В то лето Вес снял дом с мебелью к северу от Эврики у бывшего алкоголика, которого звали Чиф. Потом он позвонил мне и попросил бросить все и переехать туда жить с ним. Он сказал, что сейчас живет в фургоне. Знаю я этот фургон. Но он и слышать не хотел об отказе. Он опять позвонил и сказал, Эдна, из окна гостиной ты будешь смотреть на океан. Ты будешь чувствовать запах соли в воздухе. Я слушала, как он все это говорит. Язык у него не заплетался. Я сказала, подумаю. И на полном серьезе задумалась. Через неделю он позвонил и спросил, ты едешь? Я ответила, что все еще думаю. Он сказал, мы начнем все сначала. Я сказала, что если я приеду, тебе придется кое–что для меня сделать. Пожалуйста, сказал Вес, все что угодно. Я сказала, чтобы он попытался стать прежним, Весом, которого я когда–то знала. Тем Весом. Весом, который был моим мужем. Тут он заплакал, и я сочла это показателем добрых намерений. Поэтому я согласилась, и сказала, что приеду.

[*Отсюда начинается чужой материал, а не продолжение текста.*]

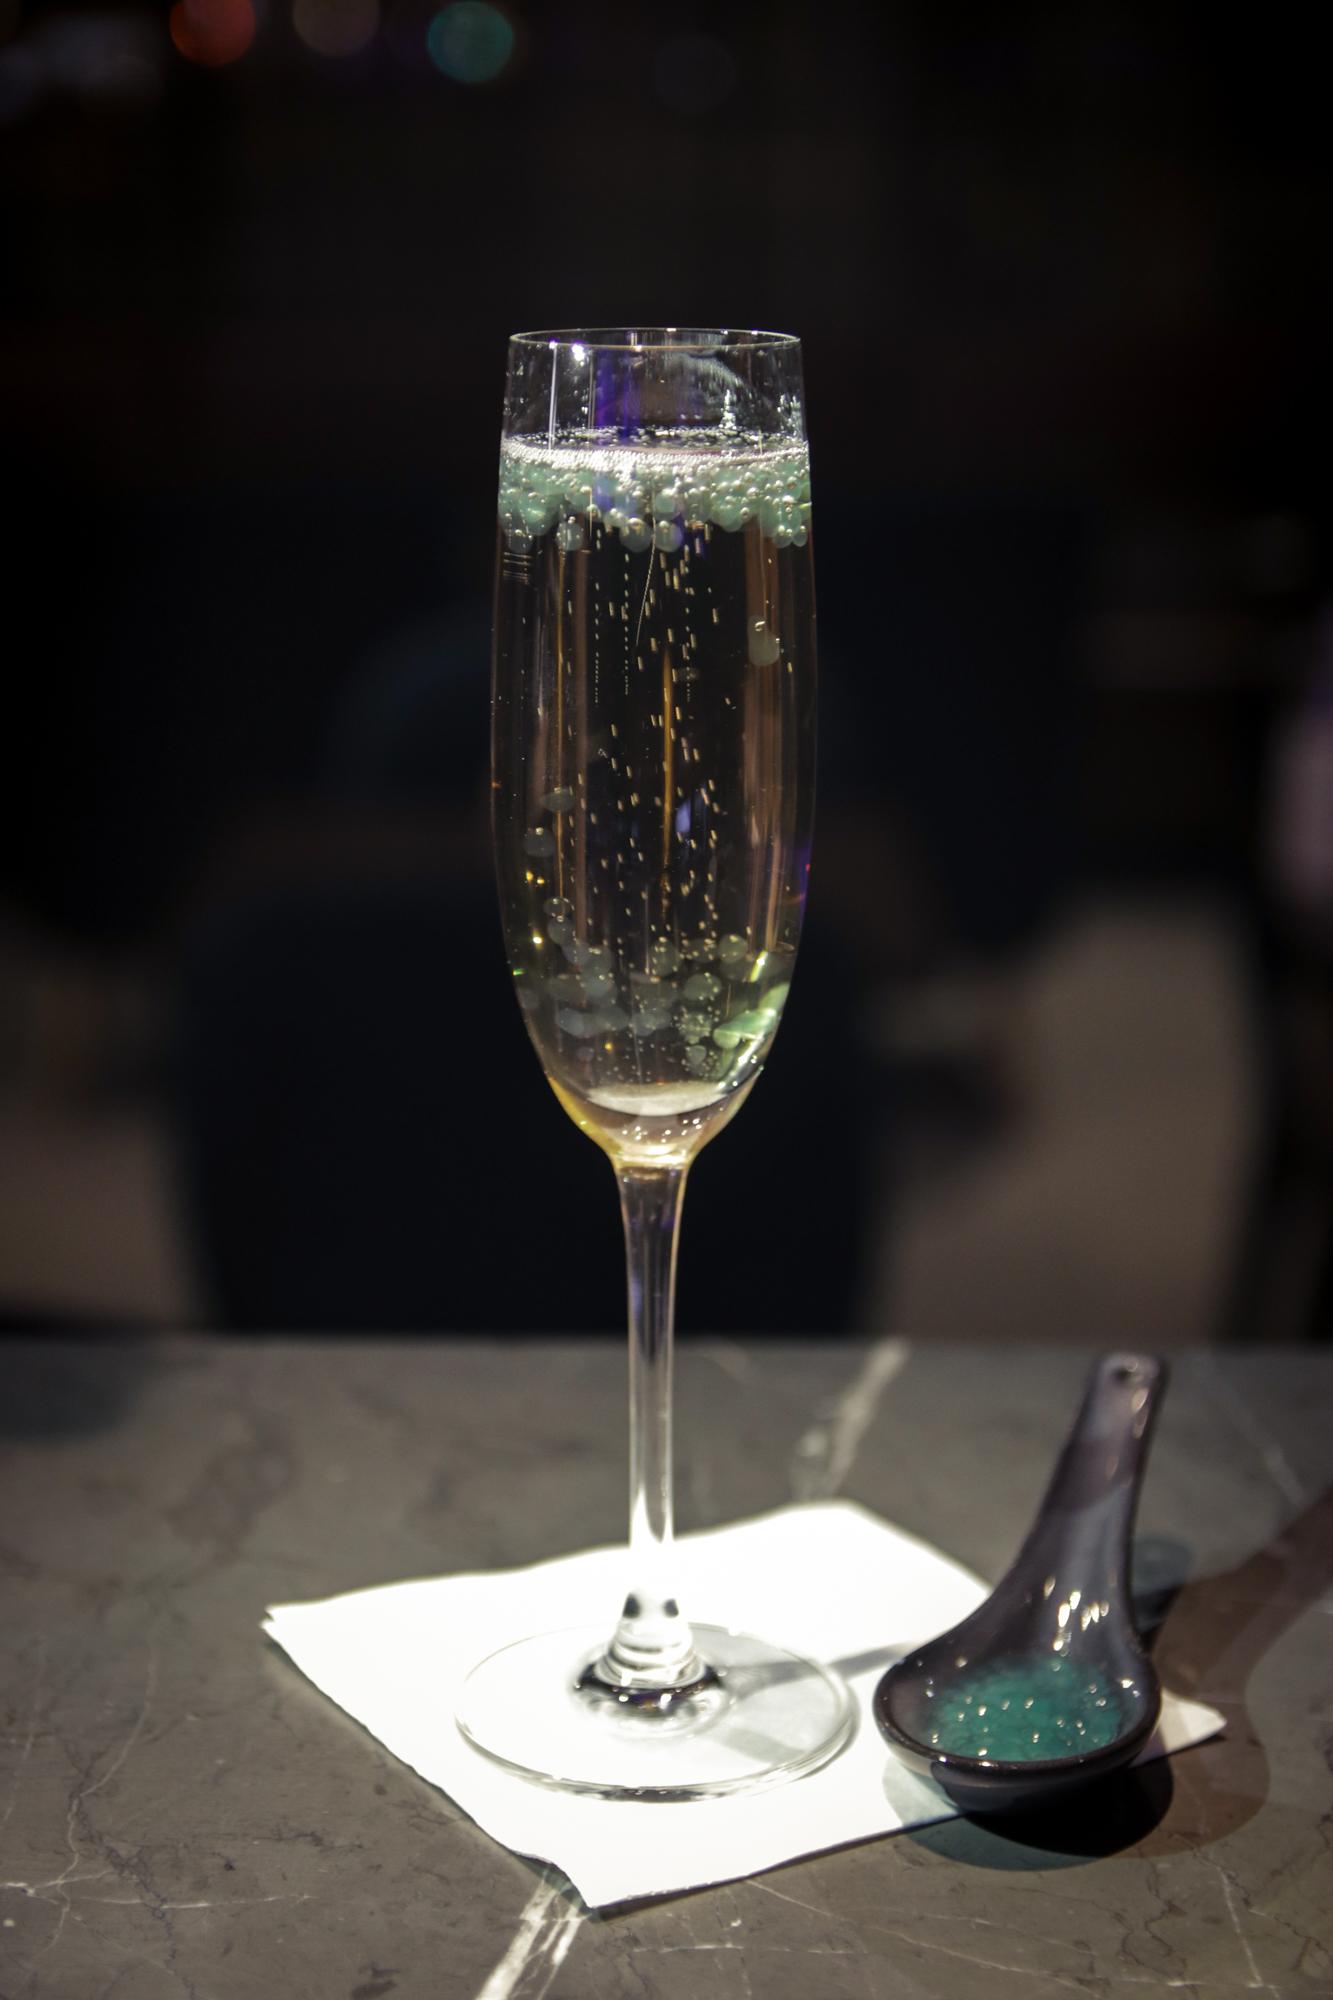 The futuristic Ziggy Starman cocktail from Social Wine Bar

Вес только что порвал со своей подружкой, или она от него ушла — не знаю, какая разница. Решившись уехать с Весом, я должна была попрощаться со своим парнем. Он сказал, что я делаю ошибку. Он сказал, не поступай так со мной. Как же мы? сказал он. Я сказала, что делаю это ради Веса. Он пытается бросить пить. Сам–то помнишь, каково это? Я–то помню, сказал мой приятель, но я не хочу, чтобы ты уезжала. Я сказала, что уеду только на лето. А там посмотрю. Приеду обратно, сказала я. Он сказал, как же я? Как насчет меня? Не возвращайся, сказал он.

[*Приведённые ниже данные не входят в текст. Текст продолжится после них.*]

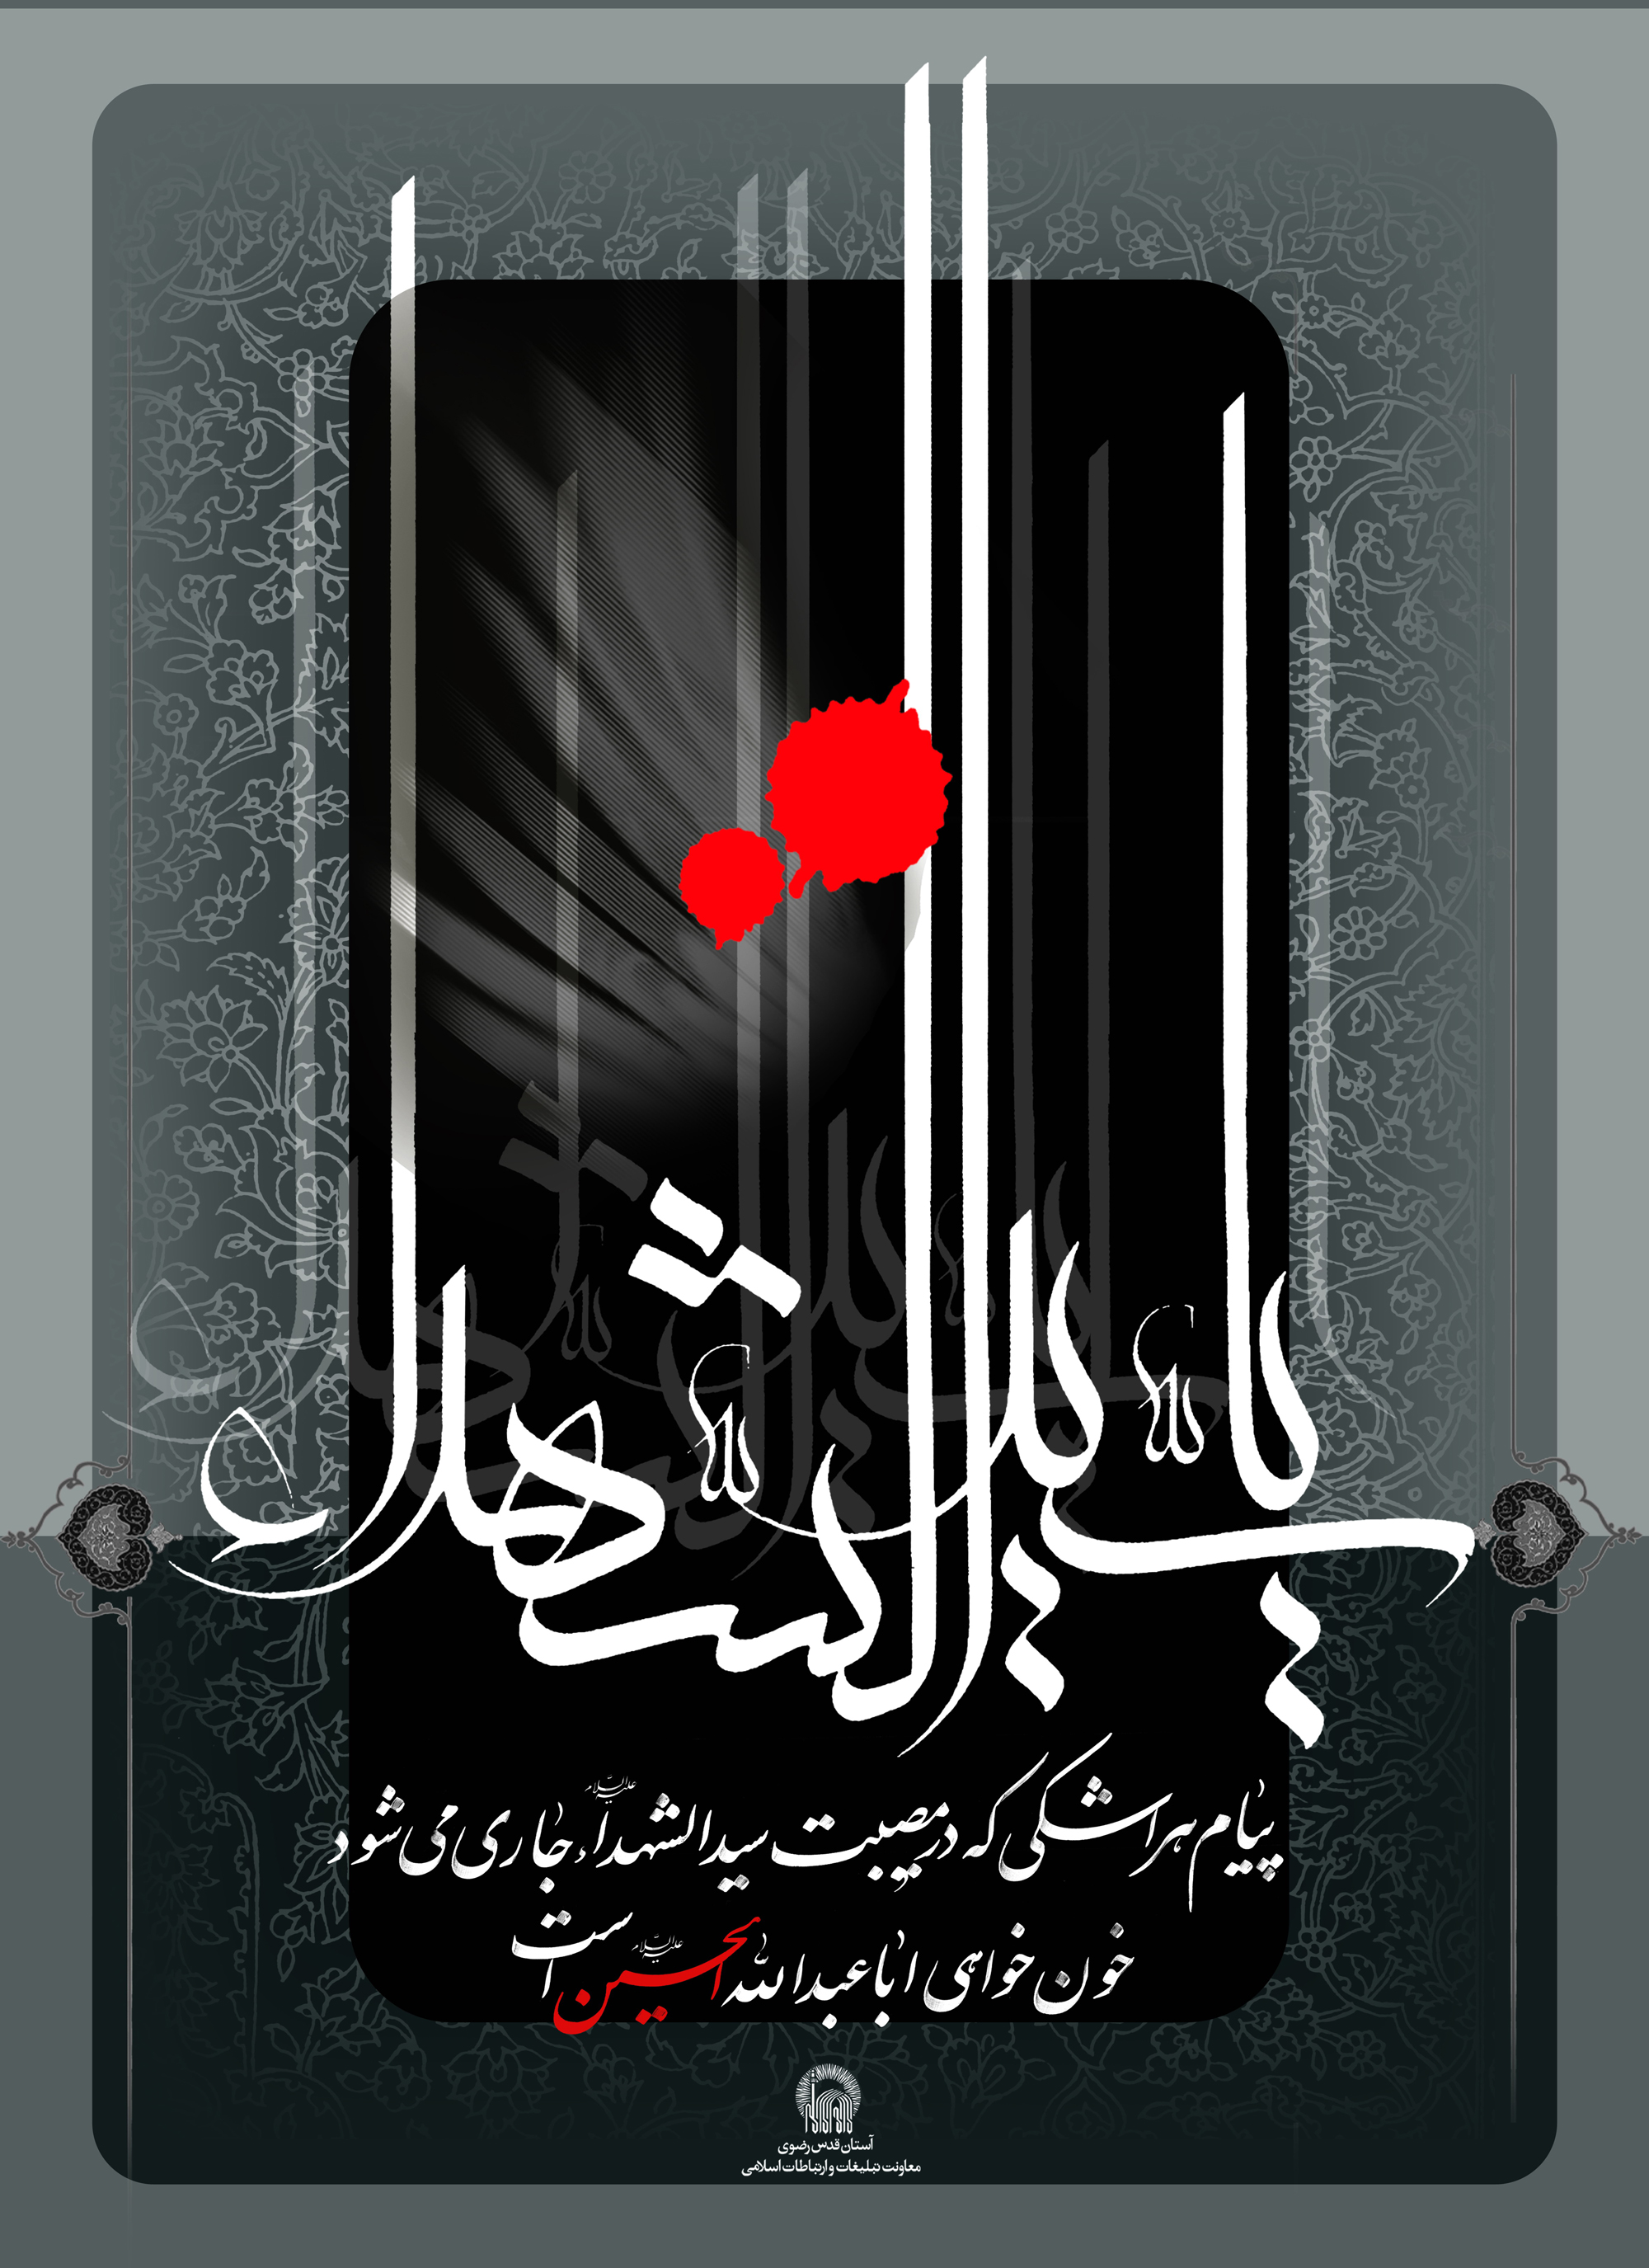 ۰۰۶_ImamHussein_www.IslamicWallpaper

В то лето мы пили кофе, лимонад и бесконечные фруктовые соки. Пили все лето напролет. Я поймала себя на мысли, что мне очень хочется, чтобы лето тянулось без конца. Знавала я времена и получше, но после месяца, проведенного с Весом в доме Чифа, я снова надела обручальное кольцо. Я не носила его два года. С того самого вечера, когда Вес напился и зашвырнул свое кольцо куда–то в персиковый сад.

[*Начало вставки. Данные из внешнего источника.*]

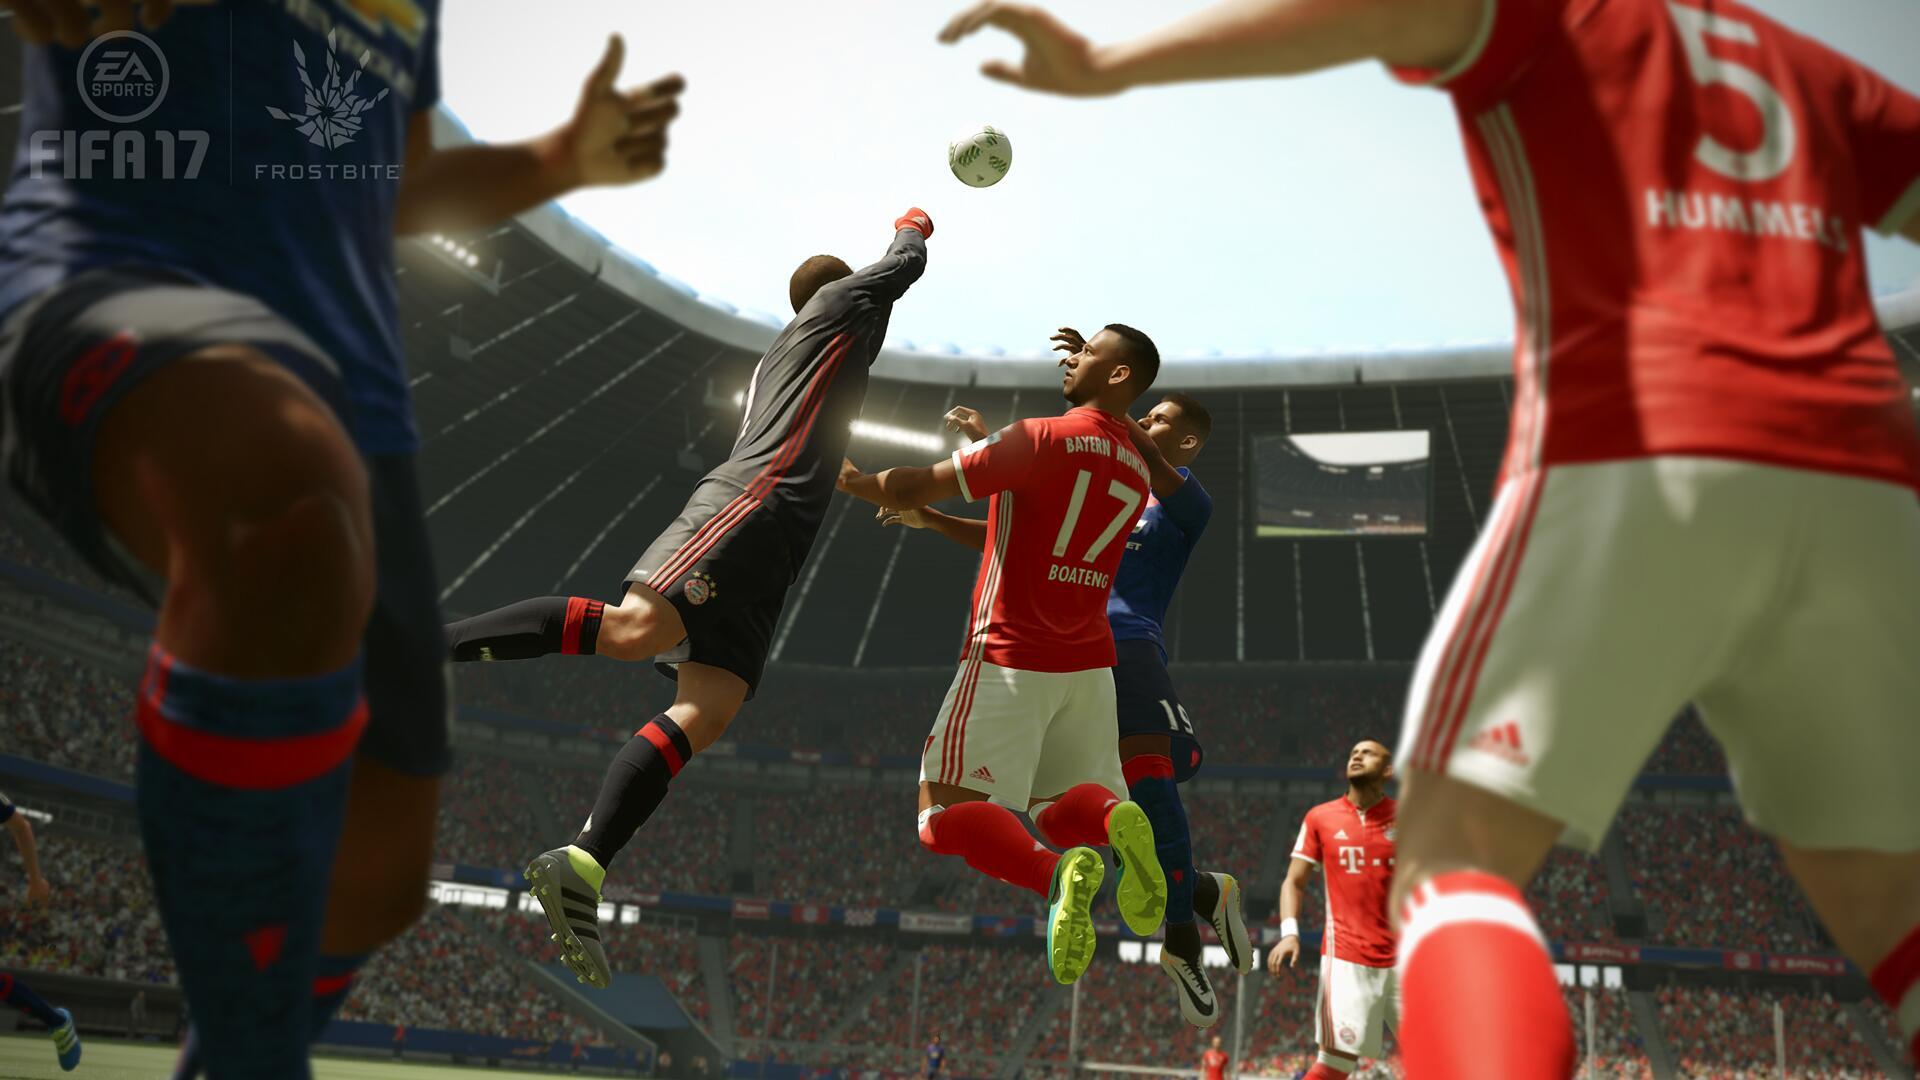 Bild zu Fifa 17

Вес скопил немножко денег, и мне можно было не работать. К тому же оказалось, что Чиф не брал с нас за дом практически ничего. Телефона у нас не было. Мы платили за газ и свет, ездили за всякими мелочами в магазинчик Safeway. Как–то в воскресенье Вес поехал купить разбрызгиватель и привез кое–что для меня. Он купил красивый букет маргариток и соломенную шляпу. По вторникам вечером мы ходили в кино. В другие дни Вес ходил на встречи новоявленных трезвенников, как он их называл. Чиф забирал его у дома на своей машине и потом привозил обратно. Временами мы с Весом ходили удить форель в пресноводных лагунах неподалеку от дома. Мы удили с берега и за день умудрялись поймать несколько рыбешек. Отлично, говорила я, и жарила их к ужину. Иногда я снимала шляпу и засыпала на одеяле рядом с удочкой. Последнее, что я помнила перед тем как провалиться в сон, были облака, проплывающие надо мной в сторону долины. По ночам Вес обнимал меня и спрашивал, неужели я все еще его девушка.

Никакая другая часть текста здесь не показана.